My understanding, based on discussions in Discord and on the content in this thread, is that our general policy is that we should not require CWs and, where we might be tempted to require CWs, instead require tagging or the presence of particular keywords so that people can filter out posts. There are then a few exceptions, which @Shel articulated to broad agreement as things which:

If you saw it on the street or saw someone looking at it in the office, it would shock and surprise you.

I think there are problems with this policy, and this thread exposes one of them. Self-harm content, including NSSI, is shocking to a lot of people. As someone who has engaged in NSSI in the past, shock and revulsion are the main reactions I got from non-self-harmers when they learned about my NSSI. That reaction is part of the stigmatization of NSSI.

If we believe, as that article argues, that:

Seeing pictures of food may seem very disgusting when you're in the throes of anorexia, but hiding it behind a CW like violence or gore validates the idea that food should be seen as being in the same category as something vile and shocking.

we must, then, believe that the same is true for requiring a CW for NSSI and discussions of suicide. We have to choose; either requiring a CW is stigmatizing, or it's not. If it's our policy that it is almost never the responsibility of the poster to create an opt-in for content others might find upsetting, but then choose to include NSSI and discussions of suicide in the short list of topics for which it's necessary to provide an opt-in experience, we are creating exactly the stigmatization those asking us not to require CWs - or, more troublingly, to require the absence of CWs for some topics - seek to avoid.

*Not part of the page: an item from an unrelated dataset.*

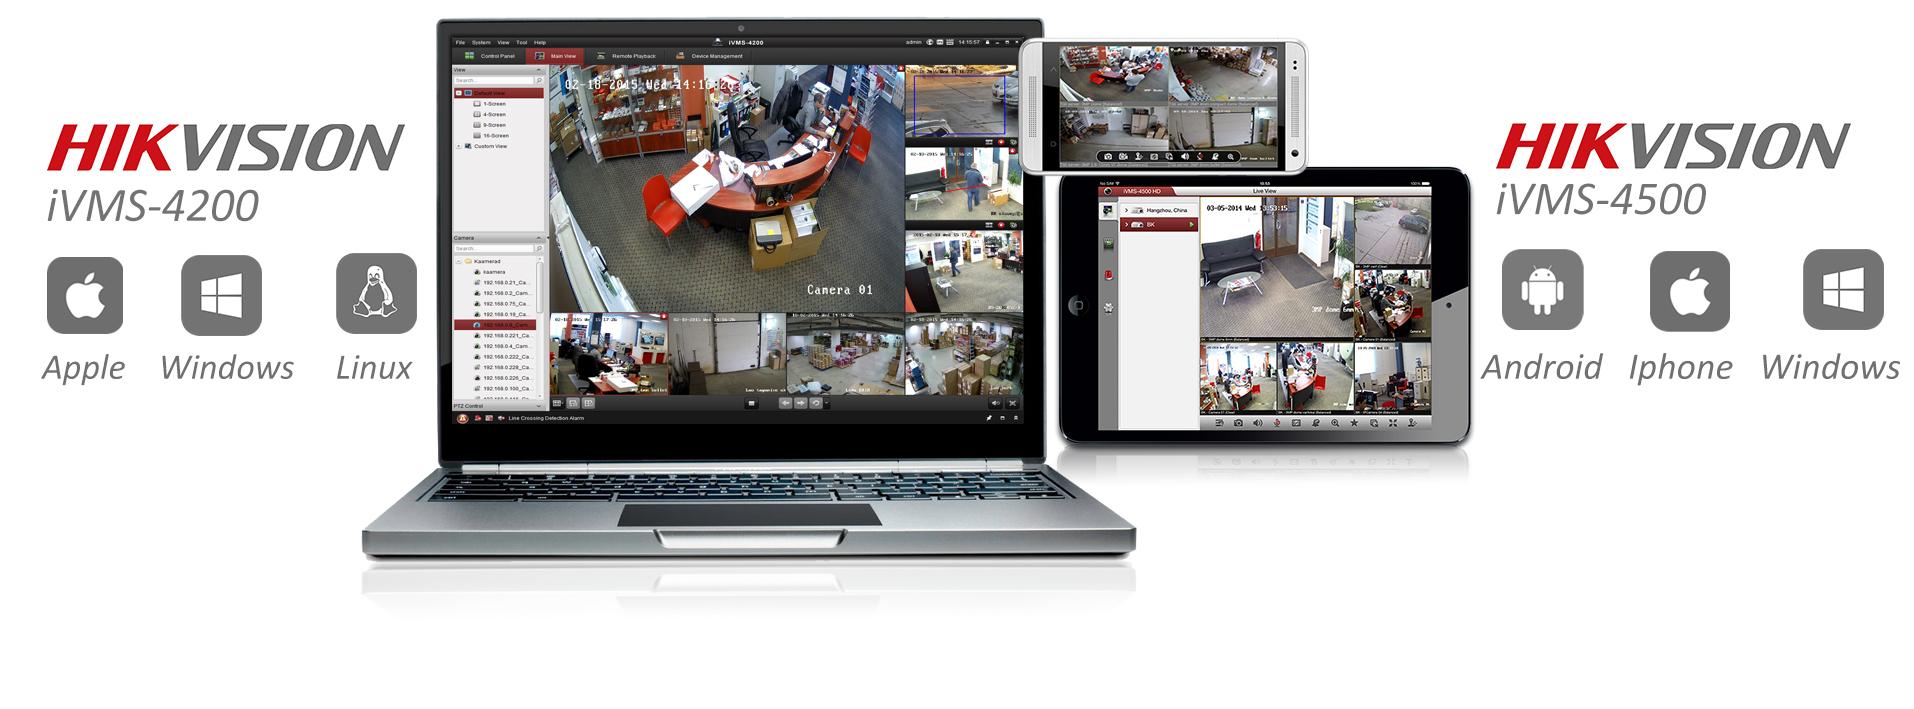 Bezpłatne oprogramowanie iVMS 4200, iVMS 4500 dostępne na różne systemy operacyjne.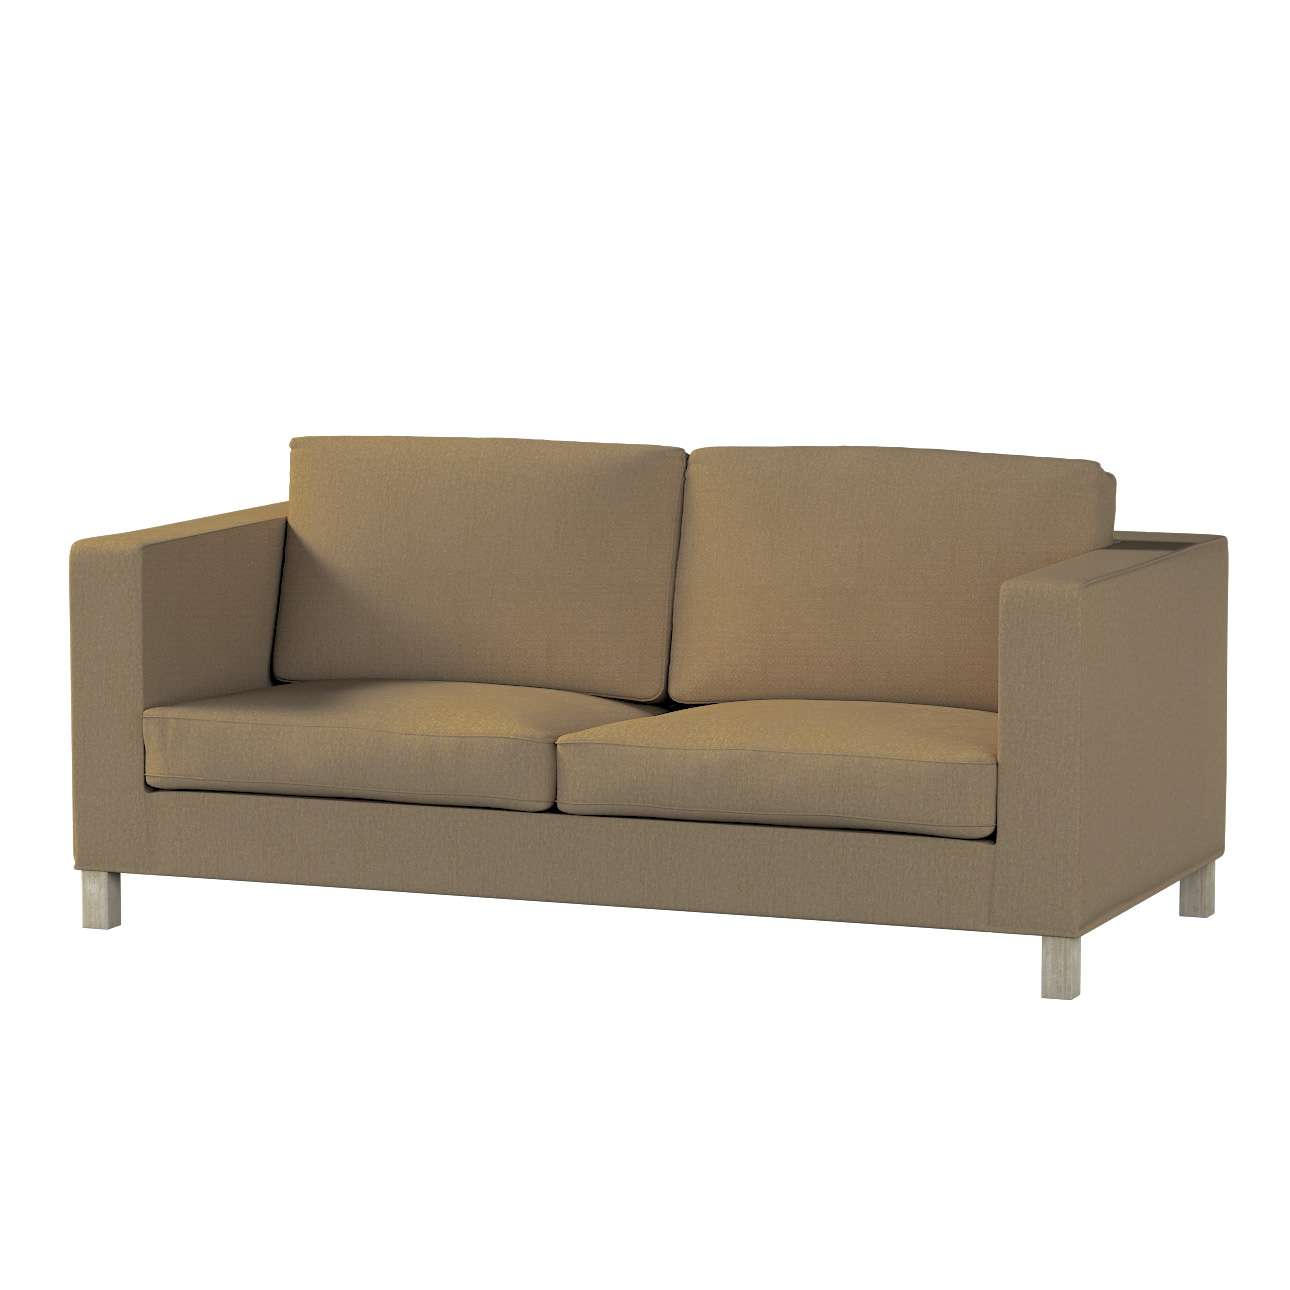 KARLANDA sofos lovos užvalkalas KARLANDA sofos lovos užvalkalas kolekcijoje Chenille, audinys: 702-21

I think this thread, and its discussion in Zulip, is evidence that we need to have an explicit conversation about the League's overall philosophy on CWs before we decide on policies like this one. I have created two threads to discuss separate issues related to this:

That said, were I asked to vote today on the idea that CWs should be required for "self harm", whether that's discussion or informational material, whether related to suicide or NSSI, I would vote no based on the principles articulated above.